An article I’ve been waiting years for. Standout message:
We were so obsessed with our kids’ success that parenting turned into a form of product development. Parents demanded that nursery schools offer Mandarin, since it’s never too soon to prepare for the competition of a global economy. High school teachers received irate text messages from parents protesting an exam grade before class was even over; college deans described freshmen as “crispies,” who arrived at college already burned out, and “teacups,” who seemed ready to break at the tiniest stress.
My friend is a Kindergarten teacher and we were talking about this over dinner Saturday. We both work in academia, she at the secondary level, me at the post-secondary, and we both experience overparenting in our environments. Every summer and fall parents flood our campus with teenagers in tow visiting every department and collecting every brochure and booklet we print no matter how insignificant.
I believe a lot of this phenomenon results from the community nature of the internet that arose in the ’90s. Information is everywhere and it is instant and en masse. There are thousands of communities, blogs and Twitter lists directed at parenting issues, especially for mom’s. Every topic from knee scrapes to college tuition are discussed daily by thousands of people and while it beats the comparatively isolated environment my mother raised us in, it also can easily breed a lot of fear, competition and mixed messages.
Take food and diet for instance. A few weeks ago I stumbled upon a Twitter topic about healthy diets after watching Food Inc. Being in the agriculture industry I was initially impressed at how much the parents knew about what we do and how the industry worked, good and bad. It quickly went downhill when a popular mom blogger went off the deep end to say her kids had NEVER eaten a product containing GMO’s (Genetically Modified Organisms) and she couldn’t fathom how much guilt a parent must feel when they do. Ten more responses appeared agreeing almost instantly, although I could sense that they weren’t telling the truth and were just agreeing because they didn’t wan to be that parent. Deciding to stir the pot, I stated passively that as GMO label notifaction isn’t required in this country it’s impossible to know the absolute genetic content of our food and furthermore not all GMO’s are bad. I received messages for two weeks from angry parents saying they felt sorry for my children and might report me. The conversation eventually moved on to putting children on gluten-free diets even though they hadn’t yet shown signs of any allergy. It was starting to feel like Münchausens, so I bailed.

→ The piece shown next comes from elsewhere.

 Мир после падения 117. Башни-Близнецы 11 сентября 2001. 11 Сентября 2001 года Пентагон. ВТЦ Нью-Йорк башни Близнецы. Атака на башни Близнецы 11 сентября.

I’m not saying I’m not without fault. I don’t even have children and sometimes am scolded for being a helicopter parent to my cats. Parenting is no easy feat, but I think people just need to forgive themselves and allow themselves to have fun with their kids and laugh. Neil cleaned a quarry’s worth of rocks in his mouth and I tried my first cigarette at eleven and we turned out all right, not to mention full of now funny and memorable stories of failure and trial. Like it or not, it is very true you remember these times more than the average or the uneventful.
What do you think of helicopter parents? Are you one? Think you’ll be one?